One PCR-negative sample did not yield sufficient reads using the SARS-CoV-2 NGS assay to be called negative and was labeled invalid.
The analytical sensitivity established the lowest concentration of SARS-CoV-2 detected by our assay at least 95% of the time to be a limit of detection (LOD) of 800 copies/ml (0.8 copies/μl), which is better than the LOD of several dozen other FDA EUA assays (15). Results of the 2-fold and 10-fold LOD dilution of synthetic and inactivated viral controls can be found in Table S3.
Our hybrid capture technology yielded an average of 43% on-target reads (ranging from 0.005% to 99.5%) and an average fold enrichment of 46,791 (ranging from 5.9 to 108,602) based on the alignment statistics.
To better understand NGS assay performance, cycle threshold (CT) values were obtained for 44 CVP specimens by running an additional real-time RT-PCR assay. Figure 2 and Tables S1 and S2 show the fold enrichment, depth of coverage, and percent coverage of the genome at different depths in relation to CT values.
FIG 2 SARS-CoV-2 hybrid capture consistently provides ample fold enrichment, depth of coverage and percent coverage of genome at various depths in samples with CT values between 15 and 30. Violin plots depict the sample distributions of fold enrichment (A), depth of coverage (B), and percent coverage of the genome at depths of 1× (C), 5× (D), 10× (E), 50× (F), 100× (G), and 500× (H) in different CT value groups. Quartiles are depicted by dotted lines, and median values are shown by dashed lines. Results confirm that our samples captured a wide range of viral loads, including CT values of 15 to 20 (18.6%, n = 11/59), 20.5 to 25 (27.1%, n = 16/59), 25.5 to 30 (30.5%, n = 18/59), and 30.5 to 35 (23.7%, n = 14/59).

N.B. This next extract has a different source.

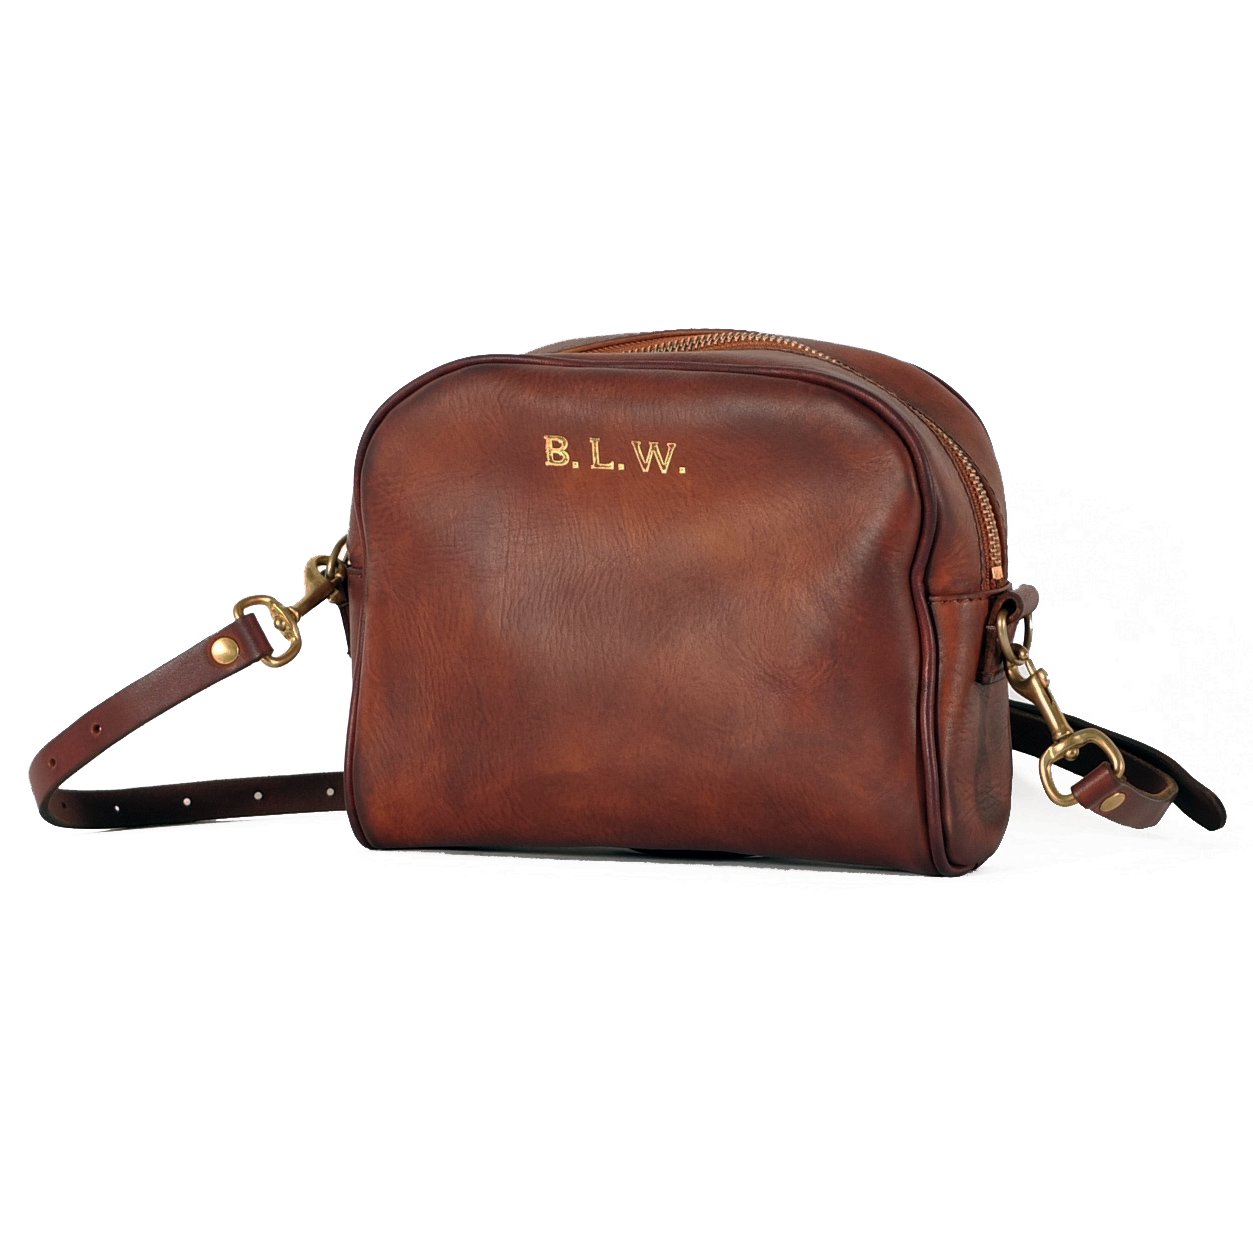 LEATHER OFFICER POUCH BAG【B.L.W.】 - ANCHOR MILLS STORE

Inclusivity and exclusivity studies.

In our inclusivity analysis, we evaluated six synthetic controls and the novel United Kingdom and South African strains and confirmed the assay’s ability to capture the different SARS-CoV-2 lineages. We additionally performed an extensive in silico inclusivity analysis using the GISAID database, identifying 151,323 unique sequences with high identity matches (Table S4). Given the high identity for the majority of probes in the majority of sequences, we expect to have a high probability of identifying the presence or absence of most known strains of SARS-CoV-2.
To account for potential cross-reactivity of the SARS-CoV-2 NGS hybridization probes, we aligned them with 30 microbial genomes, the human genome, and the SARS-CoV-2 genome (Table S4). All pathogens were determined to have no cross-reactivity (no more than 80% homology) with the probes used, except for human coronavirus HKU1 and SARS-CoV-1. These cross-reactive probes are of little clinical concern due to low probe coverage and/or low infection rates by these organisms currently. The in silico exclusivity analysis containing approximately 3.6 million viral sequences from NCBI Virus showed no cross-reactivity (Table S4), with the exception of high homology regions of some closely conserved viruses, such as bat coronavirus, infectious bronchitis, and transmissible gastroenteritis viral strains.

Novel genetic variants were detected using the hybrid capture NGS-based approach.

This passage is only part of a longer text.